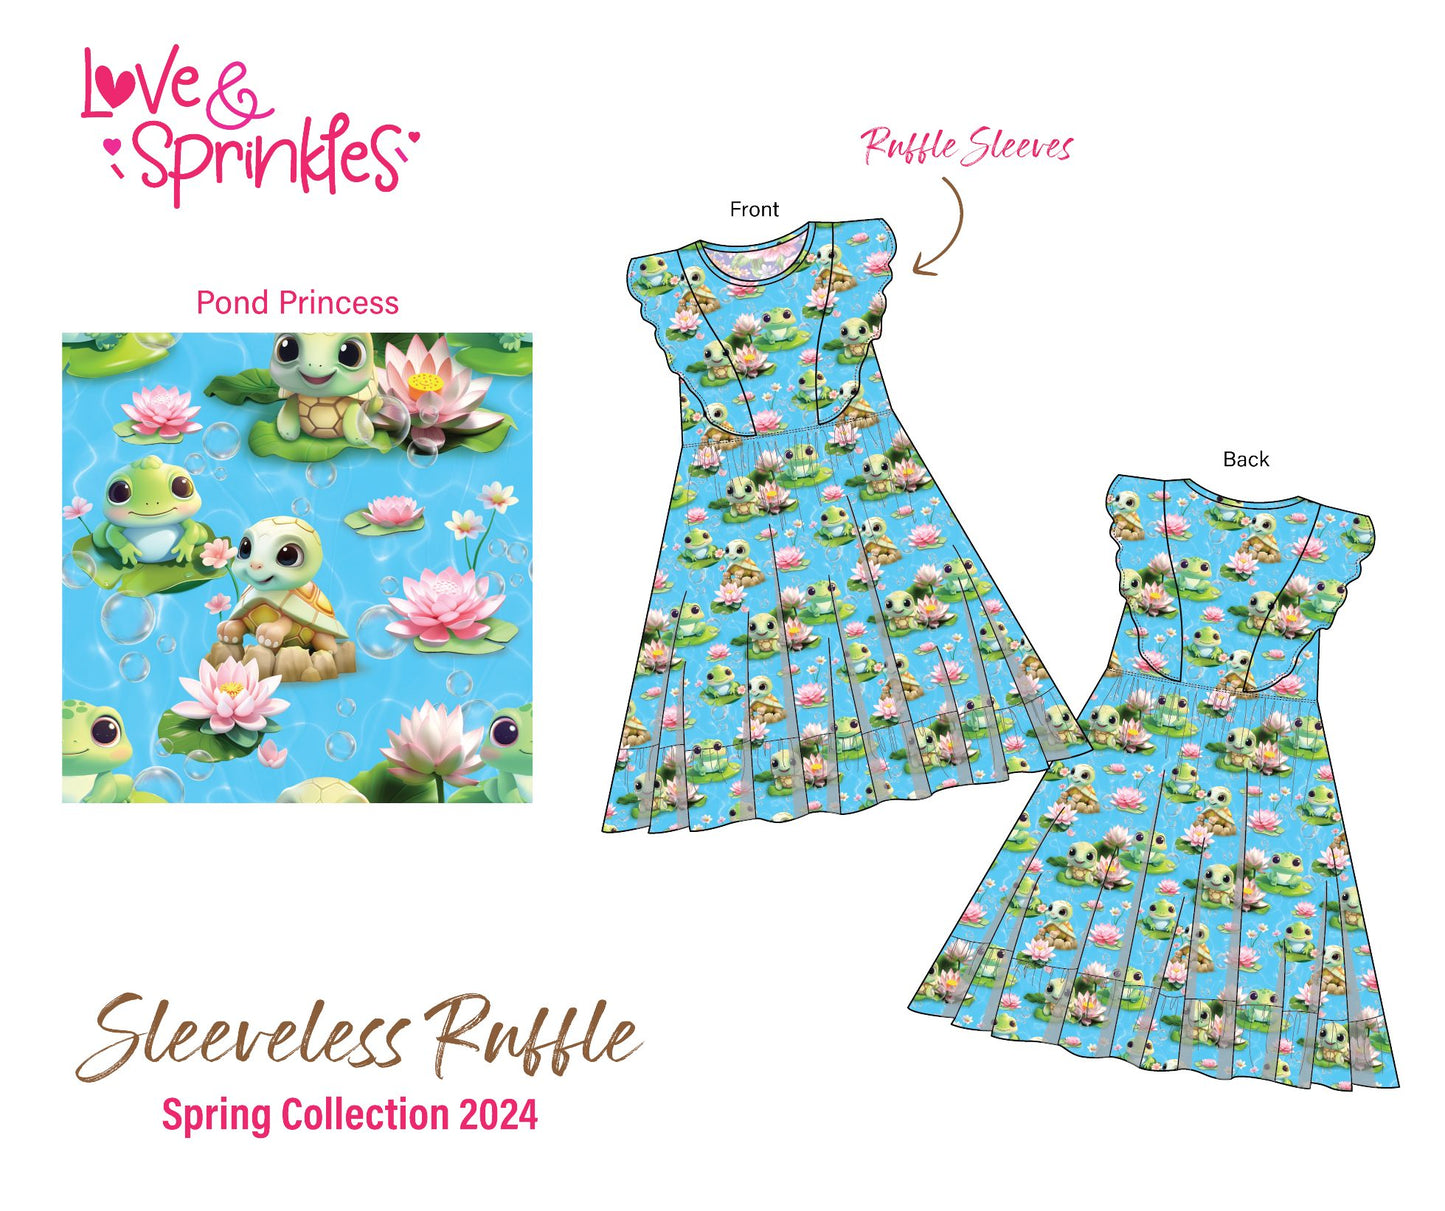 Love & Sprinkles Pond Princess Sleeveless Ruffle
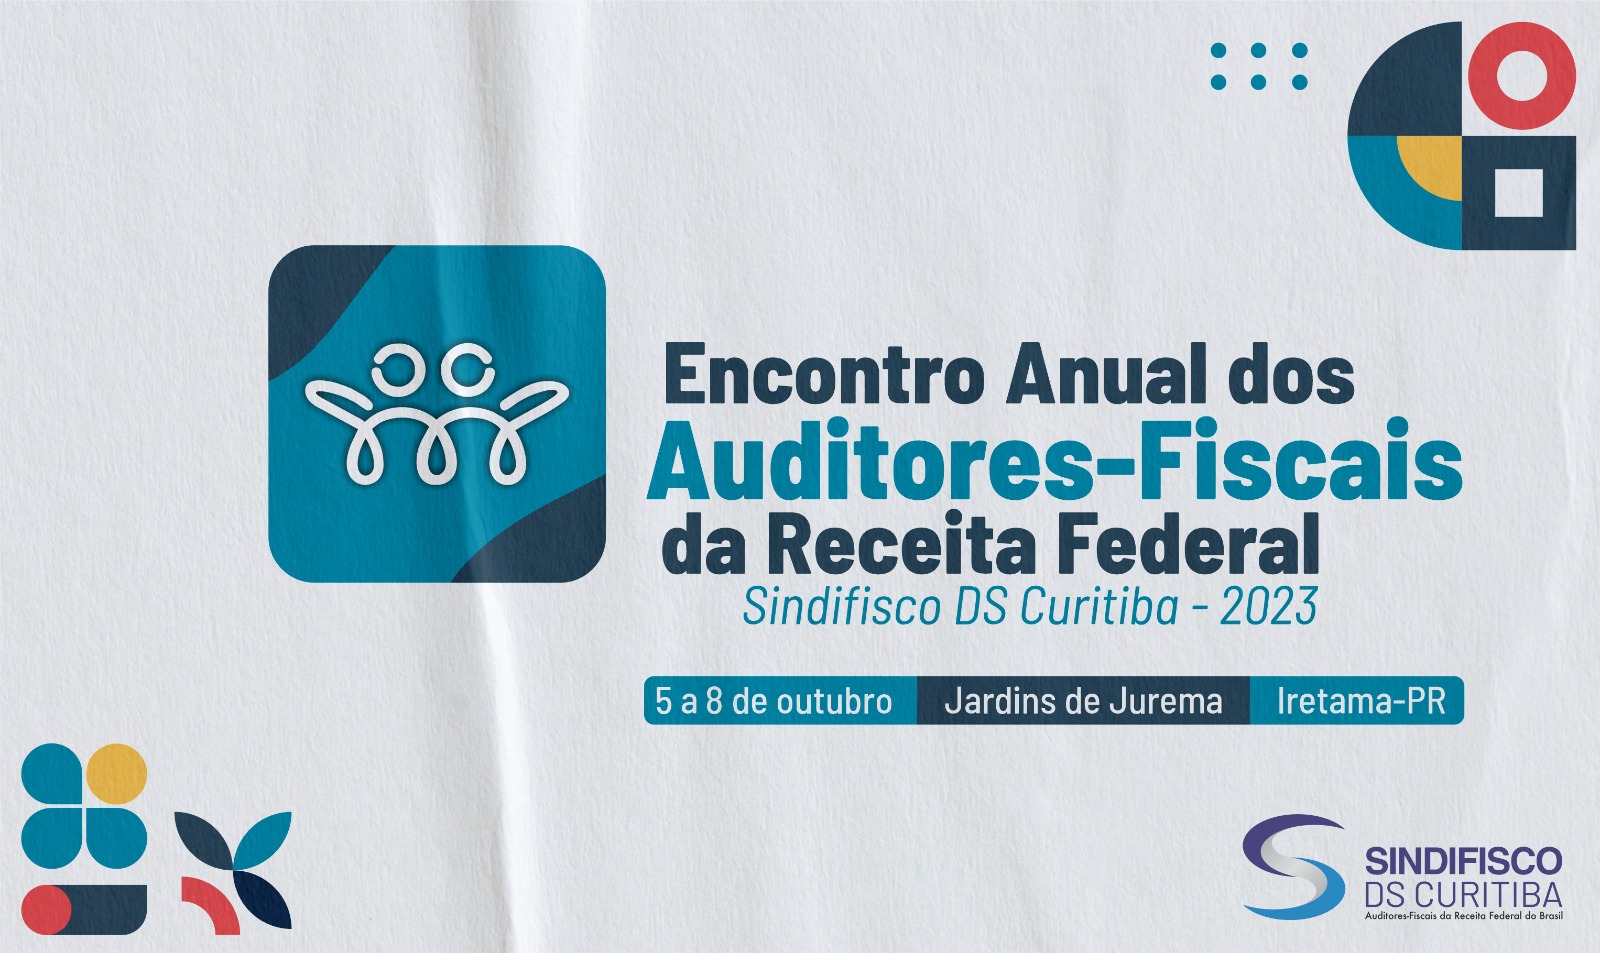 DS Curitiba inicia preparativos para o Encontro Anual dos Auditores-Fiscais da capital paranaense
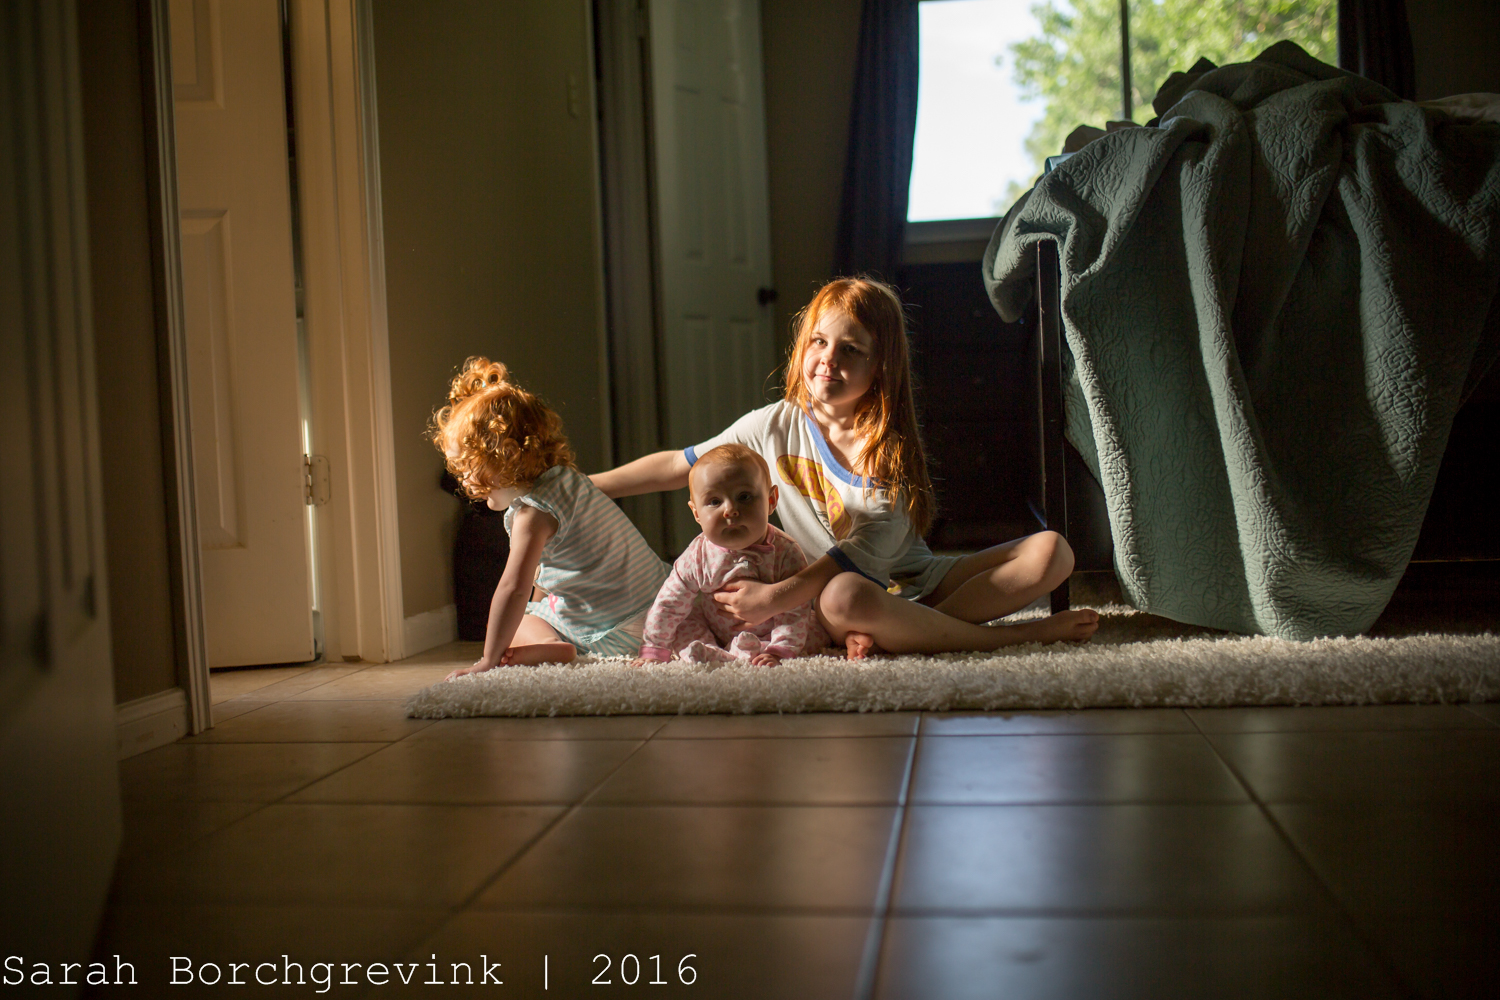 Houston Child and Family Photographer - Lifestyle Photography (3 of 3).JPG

■ **Work required**:
Retype the line containing "DS Curitiba inicia" and all lines after it through the end of the material, exactly and only those, leaving out pictures.

■ **Answer to this problem**:
 DS Curitiba inicia preparativos para o Encontro Anual dos Auditores-Fiscais da capital paranaense
 Houston Child and Family Photographer - Lifestyle Photography (3 of 3).JPG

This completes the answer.